-- Provided material --
·····

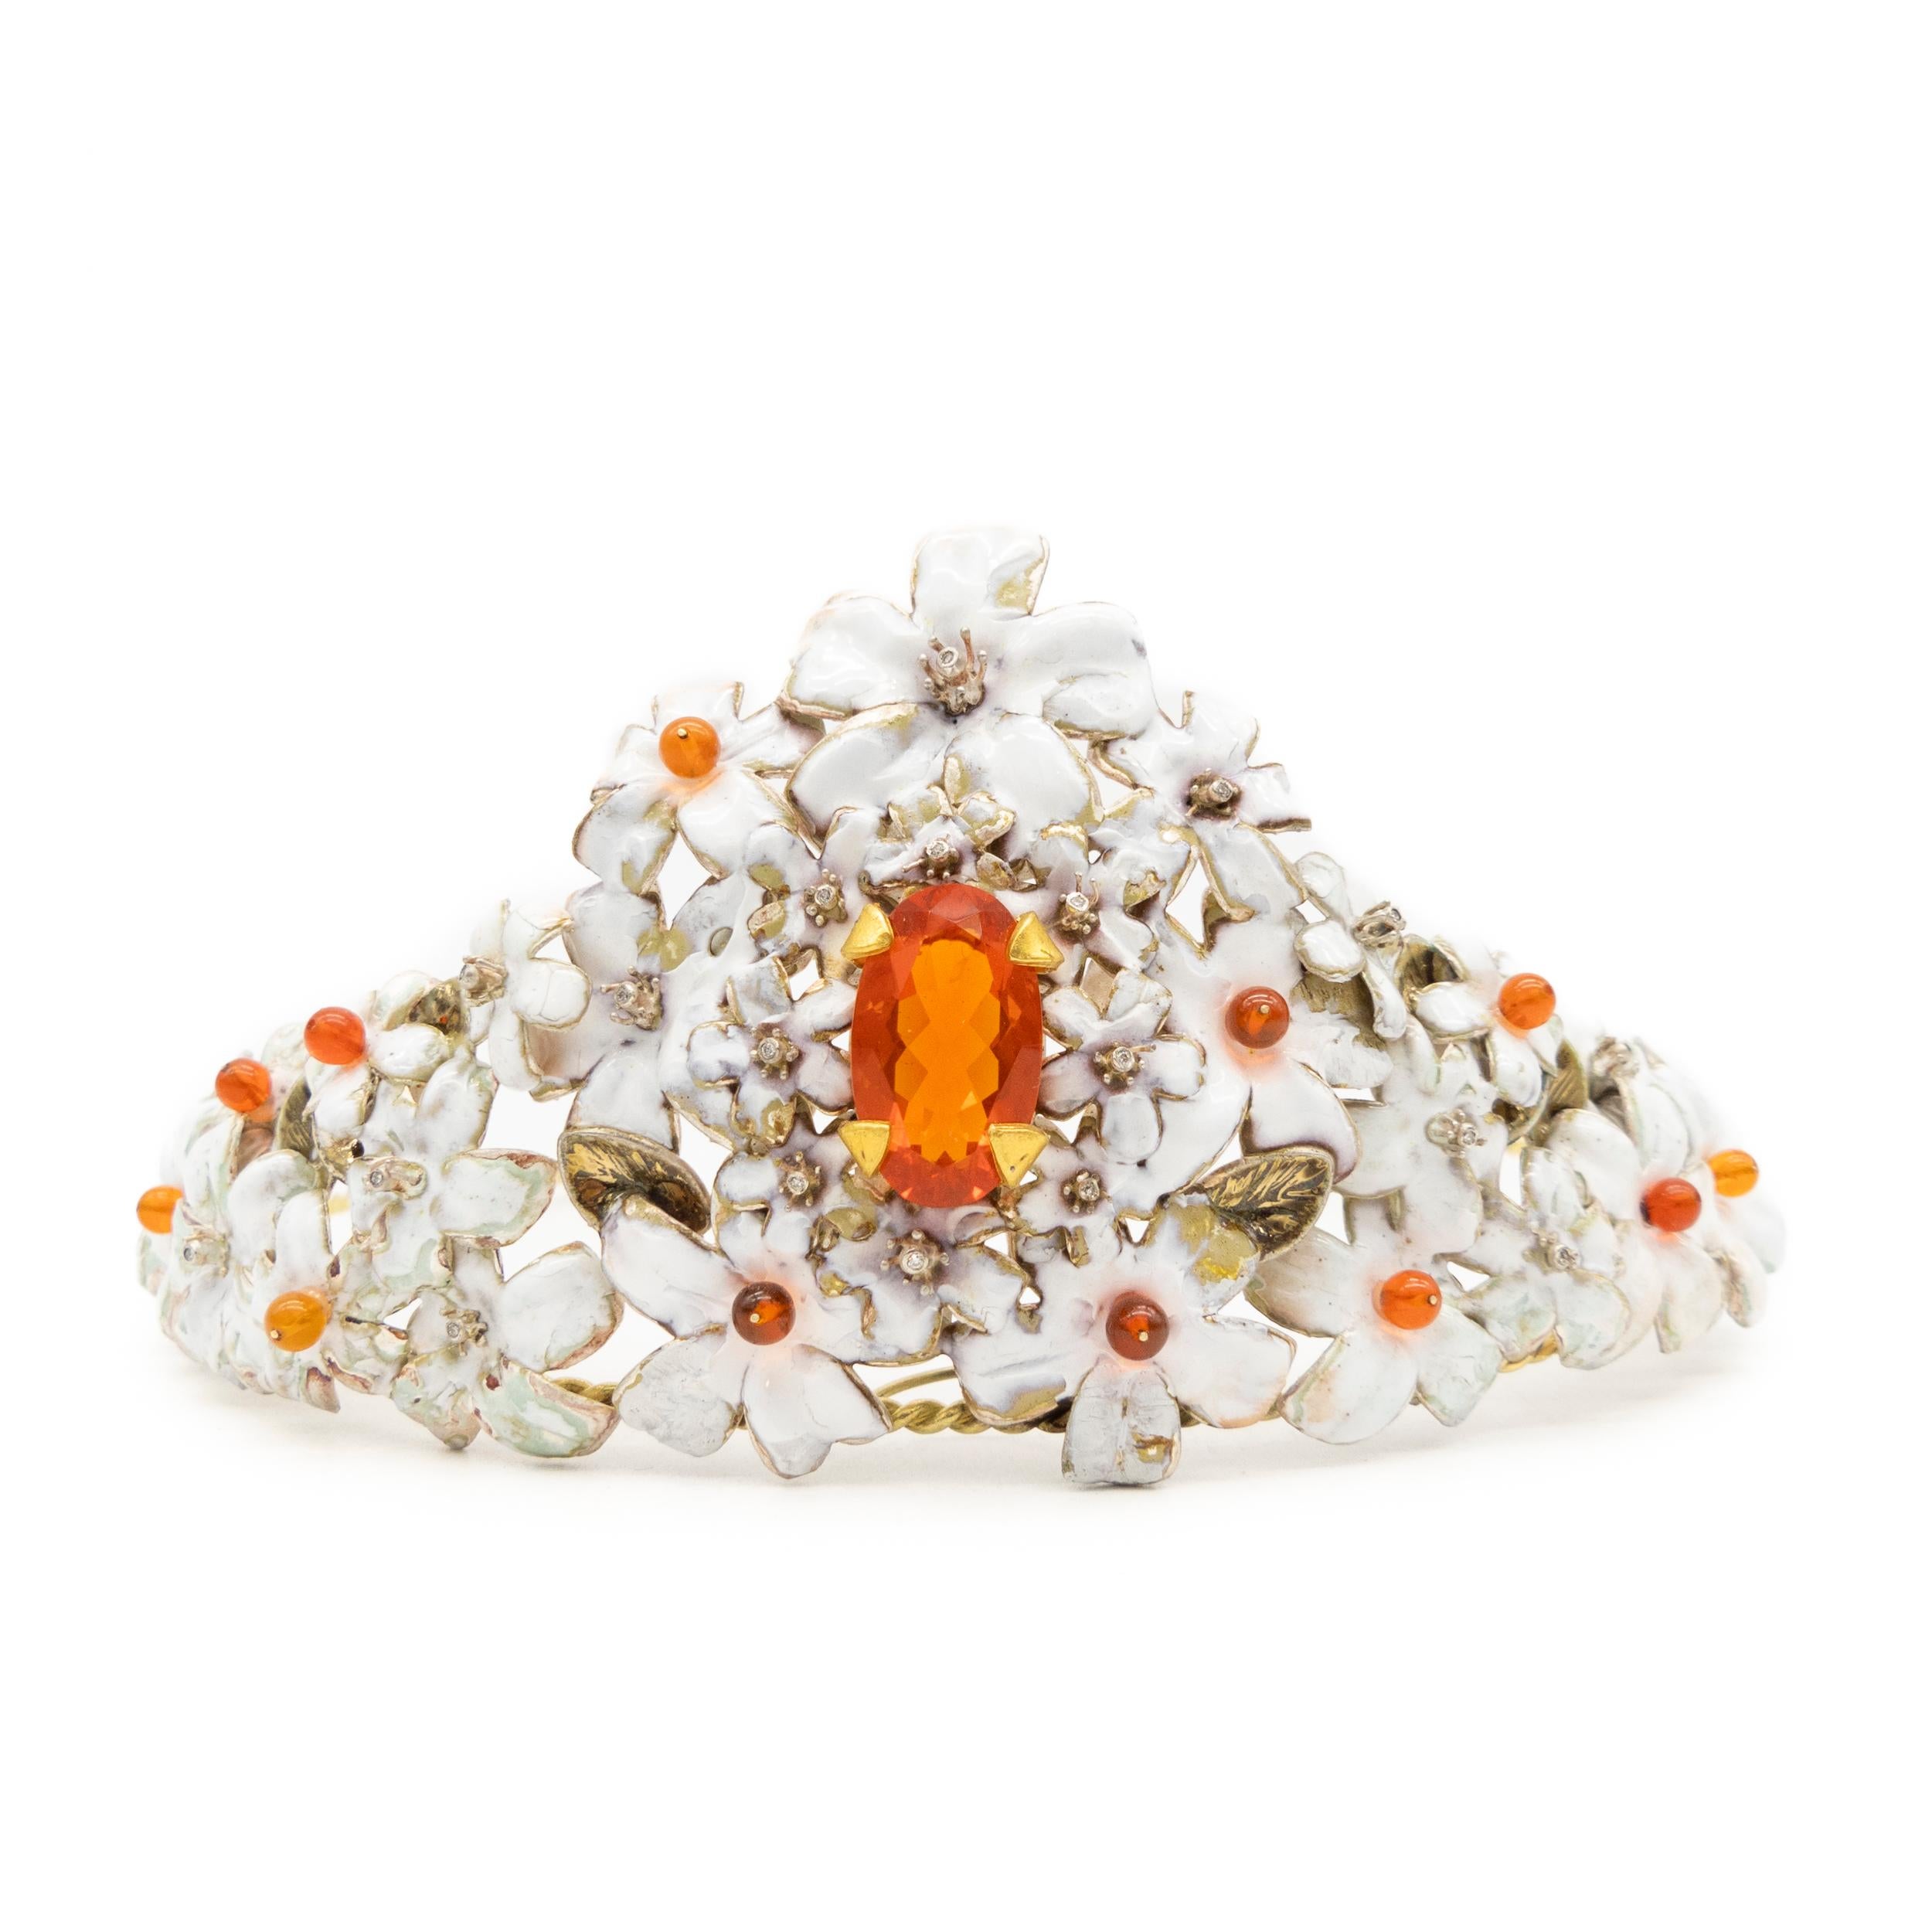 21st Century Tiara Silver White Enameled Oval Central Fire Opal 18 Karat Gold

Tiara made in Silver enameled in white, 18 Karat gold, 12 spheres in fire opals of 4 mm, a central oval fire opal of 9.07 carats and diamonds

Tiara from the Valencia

·····

-- Activity --
Without including any pictures, copy every line above exactly.

-- Answer box --
 21st Century Tiara Silver White Enameled Oval Central Fire Opal 18 Karat Gold

Tiara made in Silver enameled in white, 18 Karat gold, 12 spheres in fire opals of 4 mm, a central oval fire opal of 9.07 carats and diamonds

Tiara from the Valencia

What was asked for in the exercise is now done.